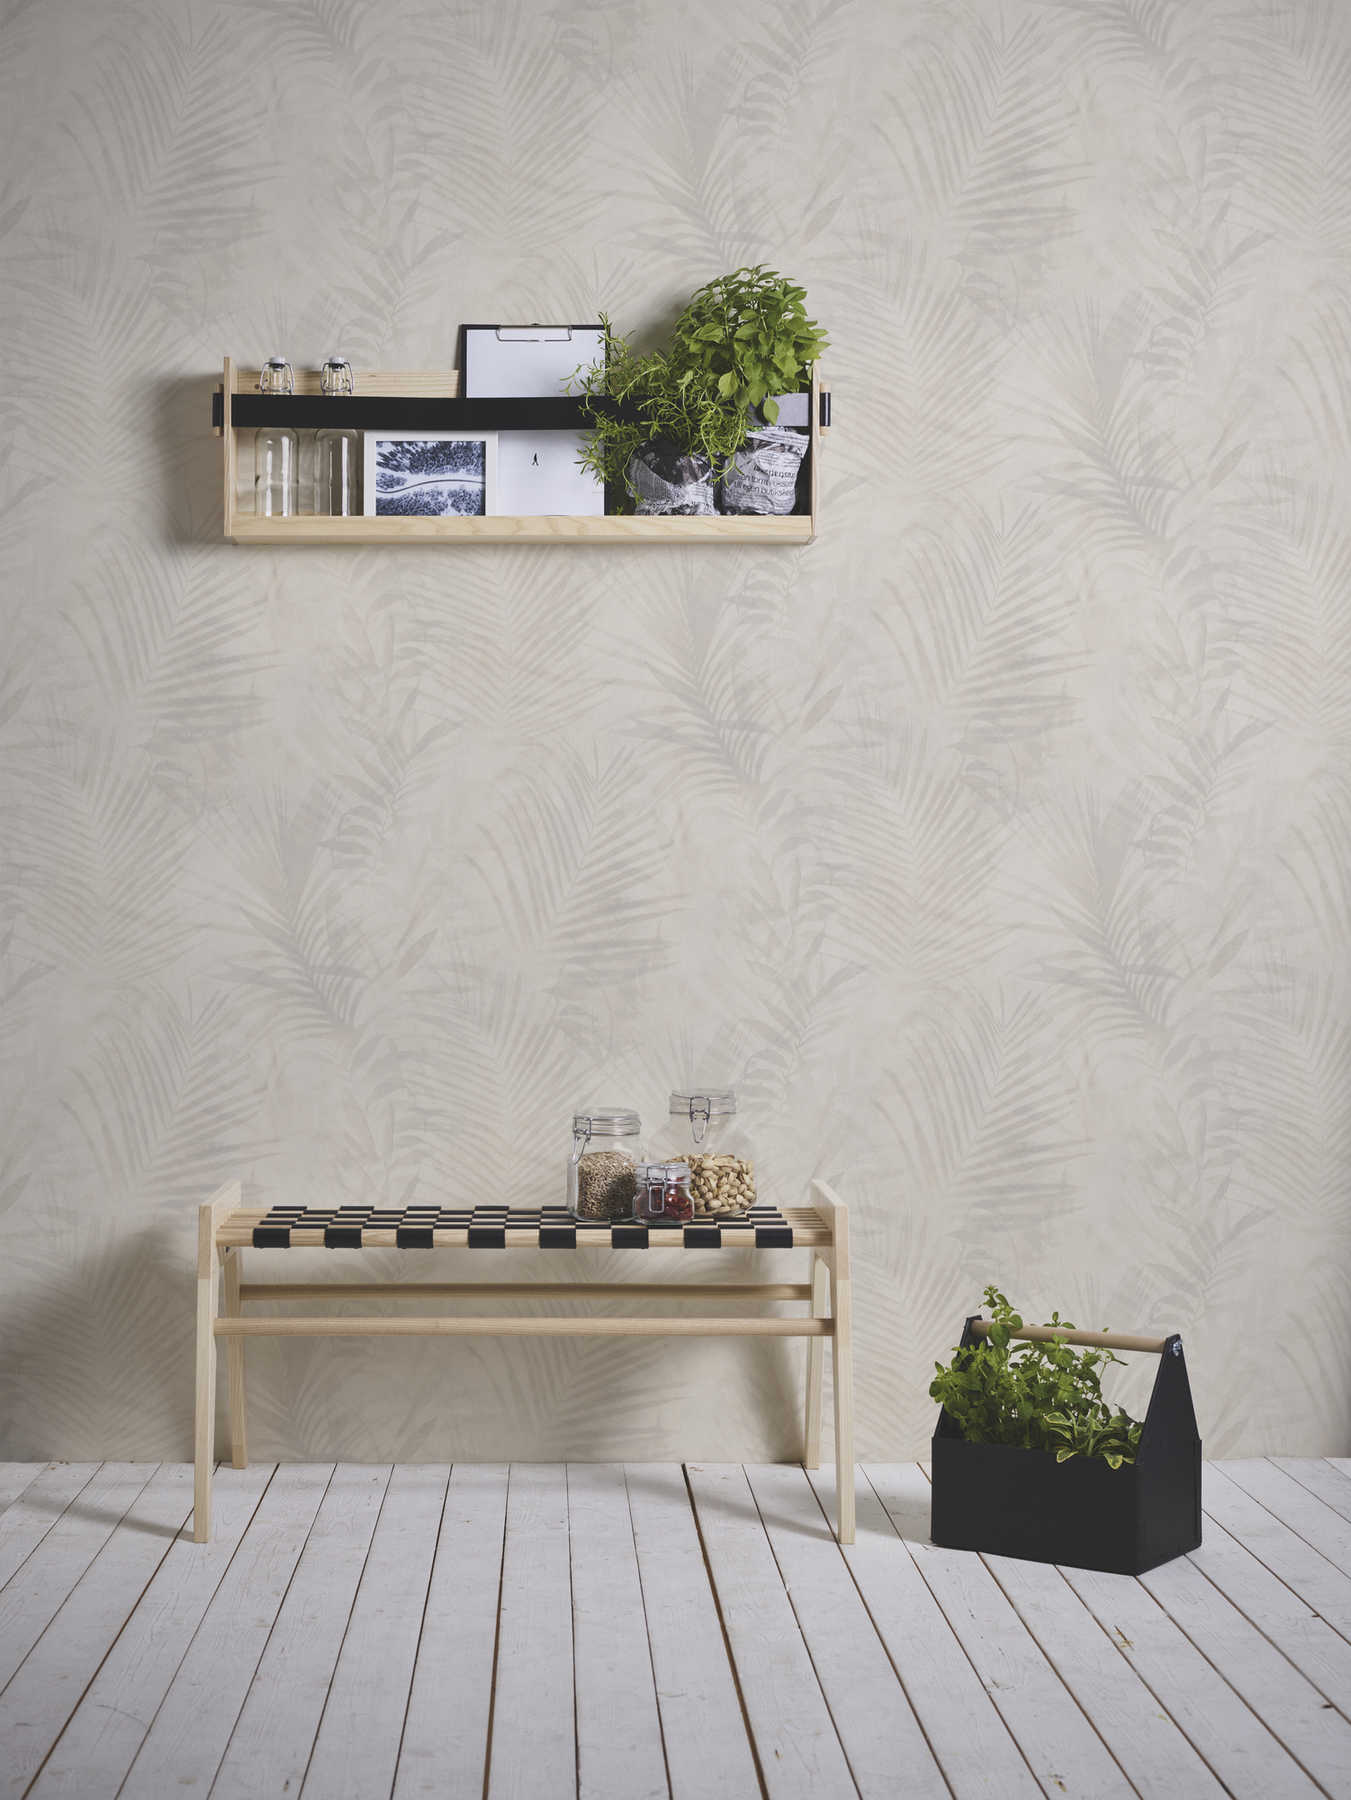             Wallpaper palm tree pattern in linen look - beige, cream, grey
        
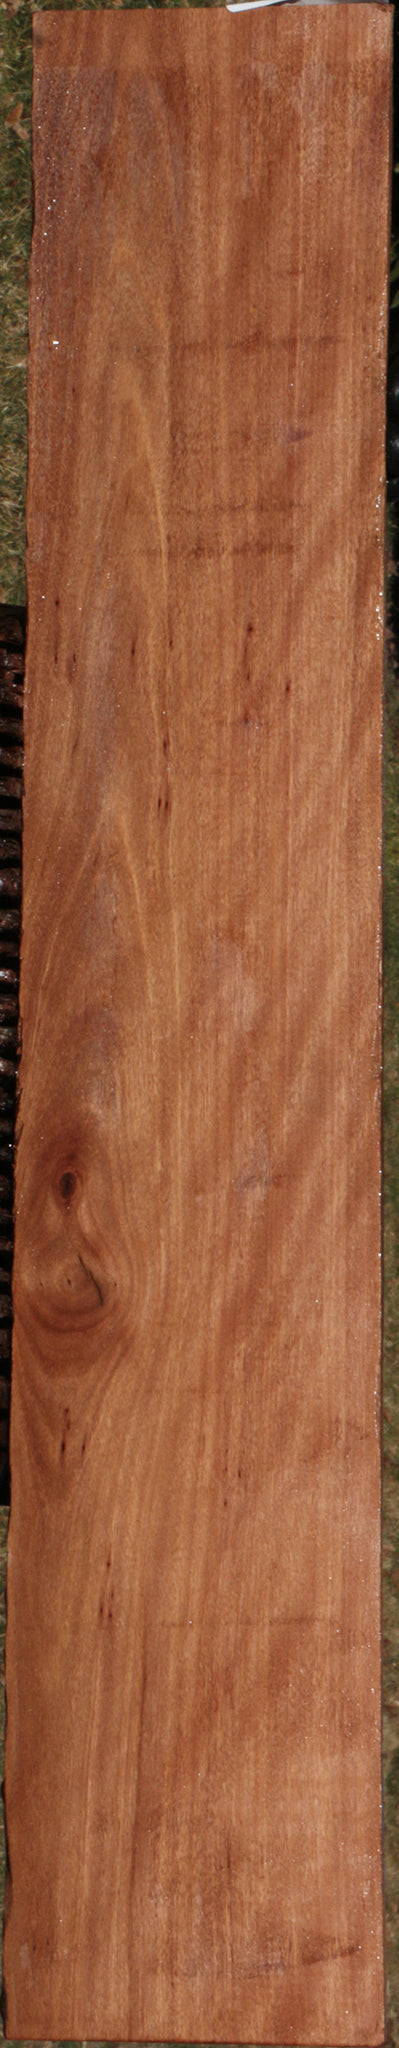 Extra Fancy Brush Box Micro Lumber
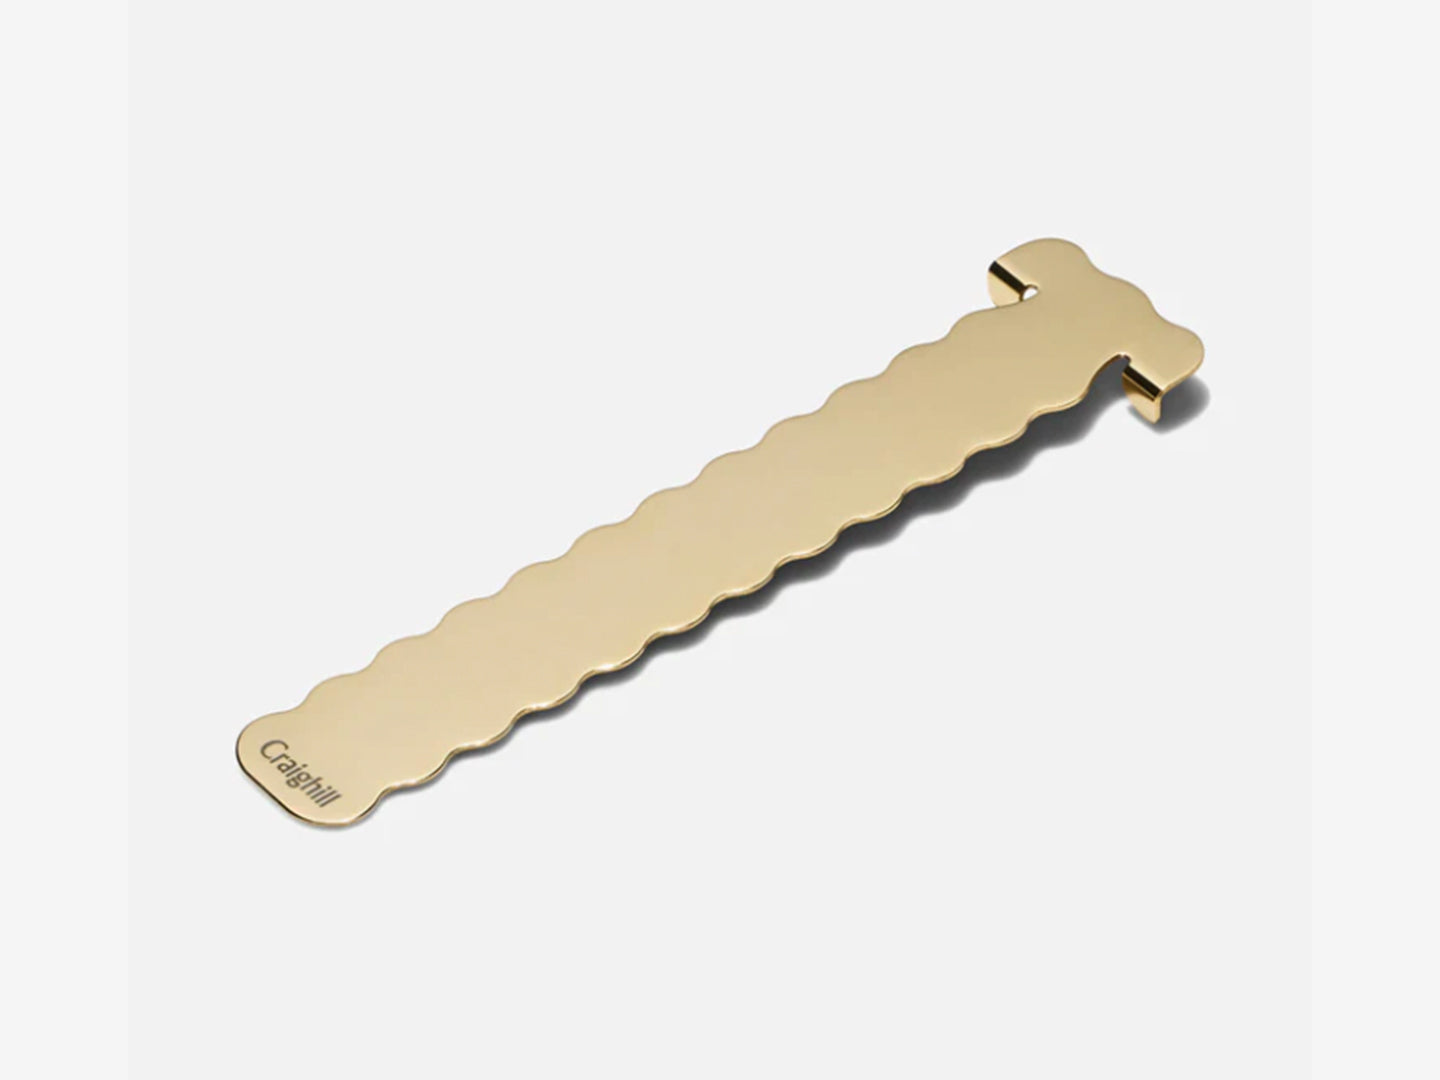 Perch Bookmark - vapor brass

Task statement = All that's required is the material above repeated exactly, minus any picture.

Finished task =
             Wallpaper palm tree pattern in linen look - beige, cream, grey
        
 Extra Fancy Brush Box Micro Lumber
 Perch Bookmark - vapor brass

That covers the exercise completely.